━━ Supplied material ━━

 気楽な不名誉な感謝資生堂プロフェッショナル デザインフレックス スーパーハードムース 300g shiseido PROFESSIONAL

━━━
━━ Supplied material ━━

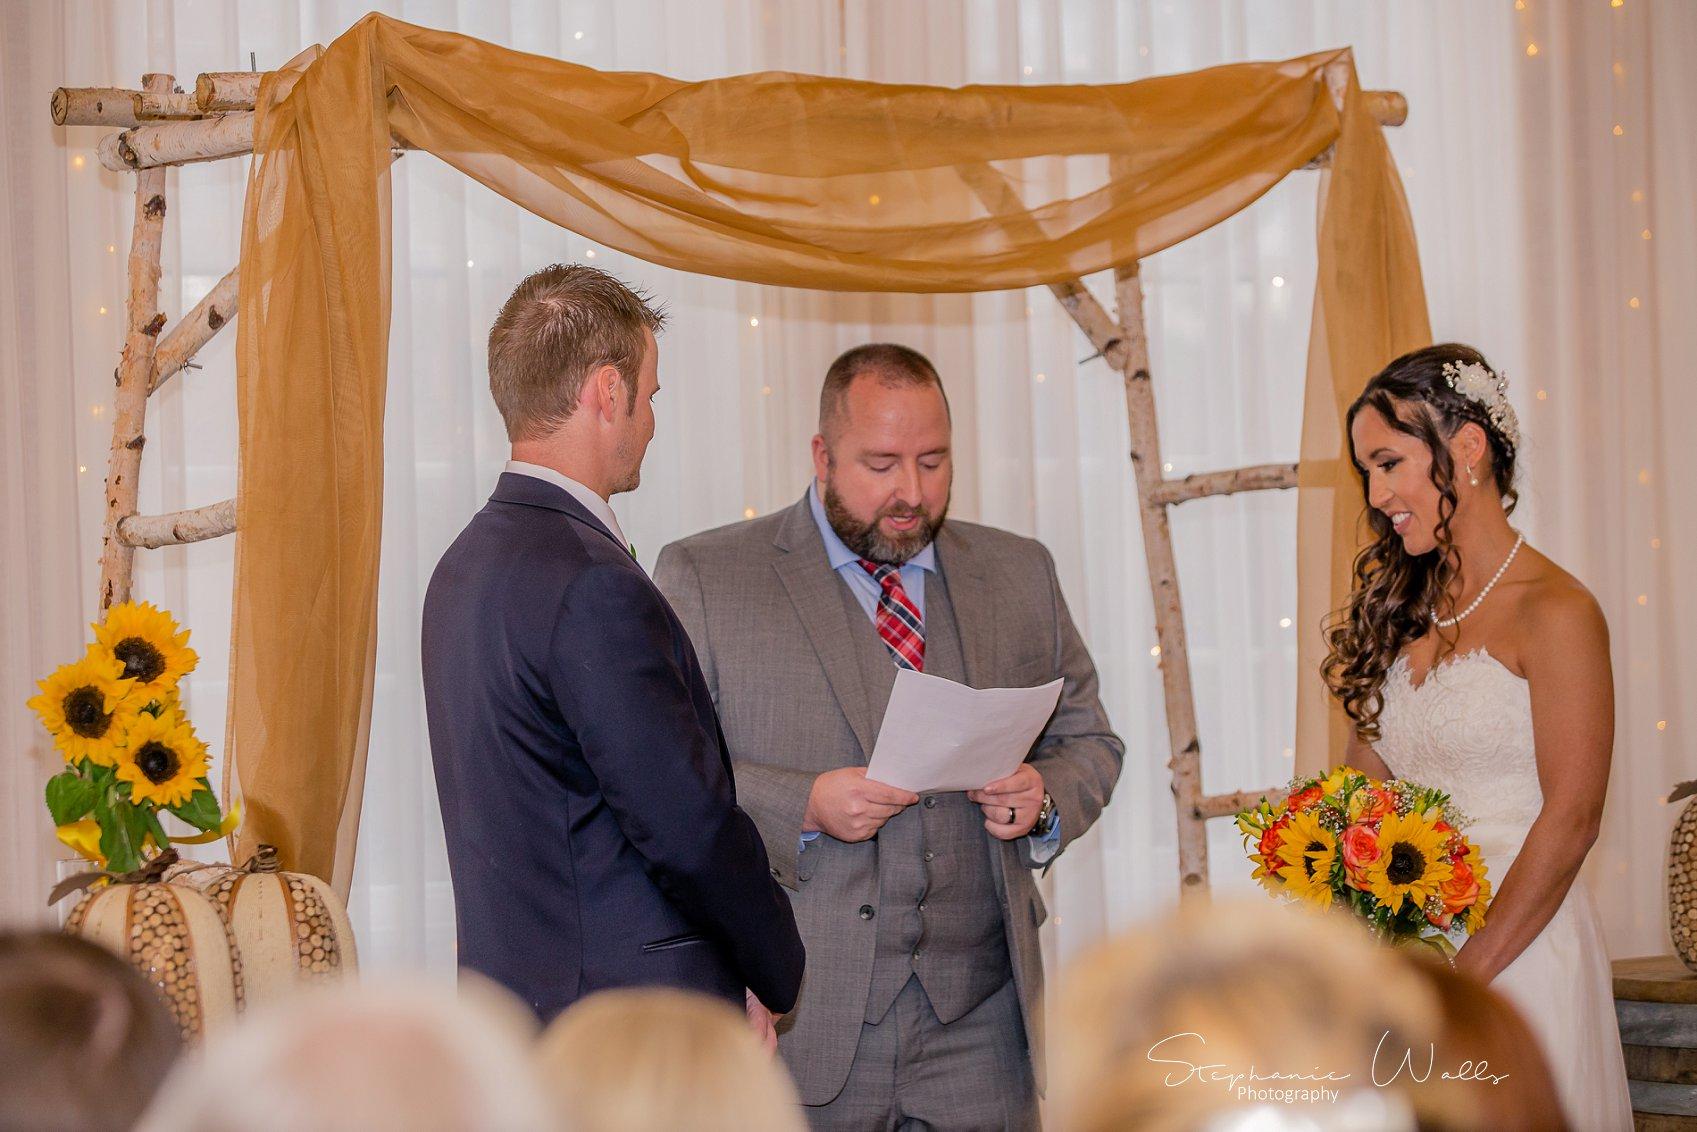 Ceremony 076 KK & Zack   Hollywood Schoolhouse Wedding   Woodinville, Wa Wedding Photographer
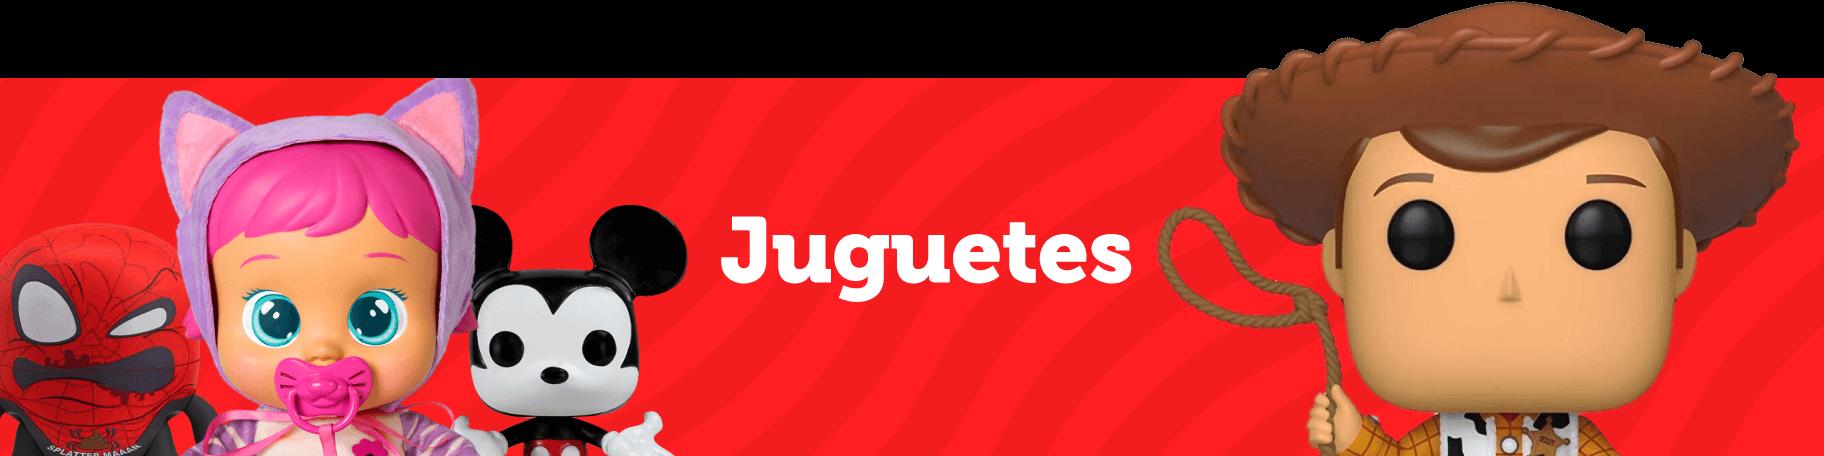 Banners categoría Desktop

━━━
━━ Supplied material ━━

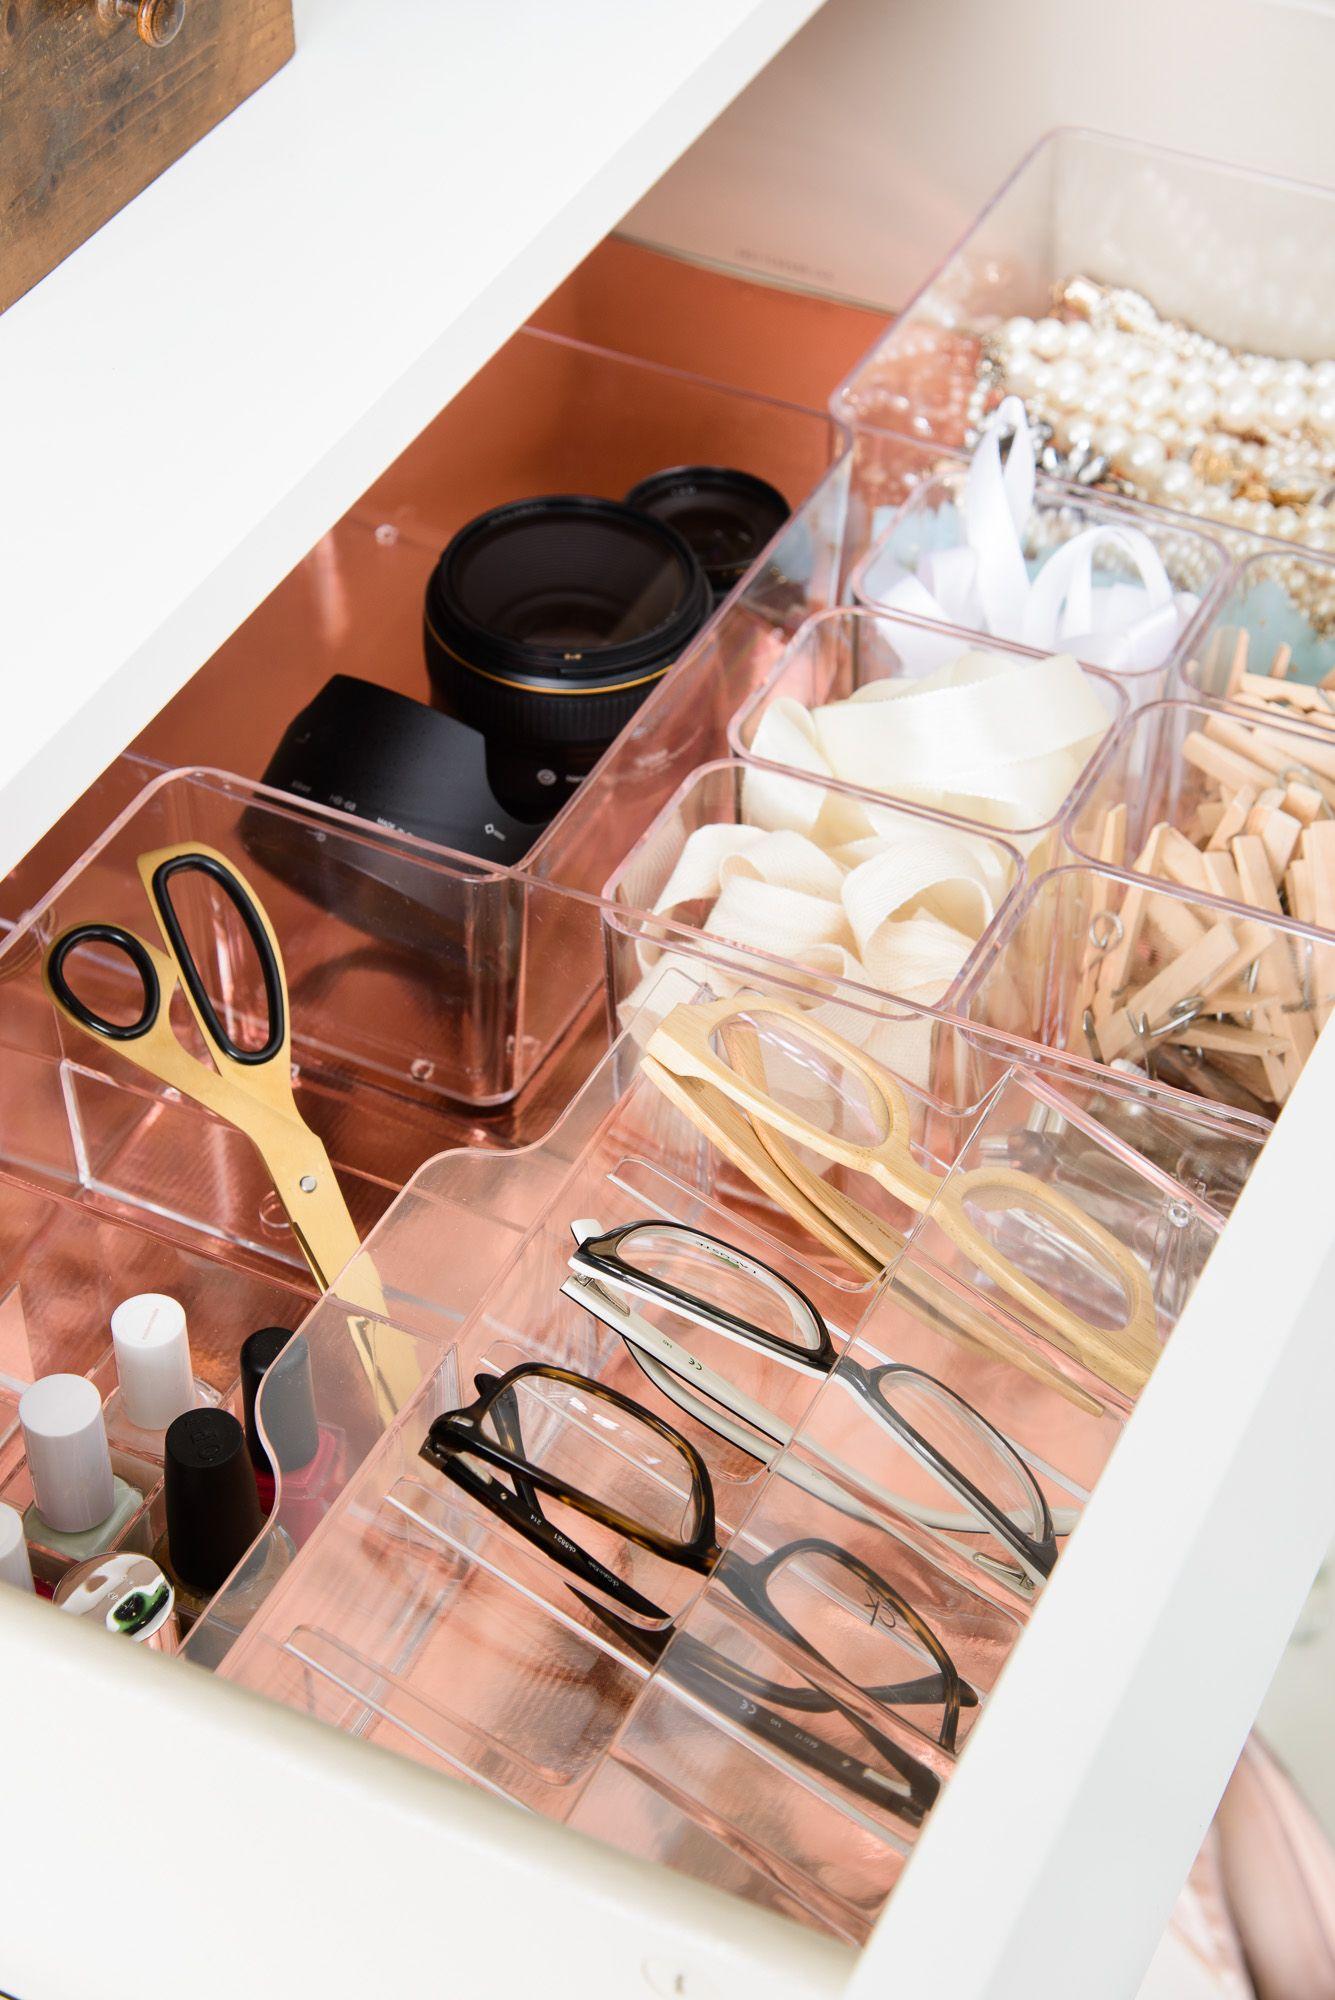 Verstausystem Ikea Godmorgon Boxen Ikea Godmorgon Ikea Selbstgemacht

━━━

Task instructions -> For this exercise, return exactly the lines above from the line with "Ceremony 076 KK" through the line with "Banners categoría Desktop", both included. Do not copy the pictures.

Written answer ->
 Ceremony 076 KK & Zack   Hollywood Schoolhouse Wedding   Woodinville, Wa Wedding Photographer
 Banners categoría Desktop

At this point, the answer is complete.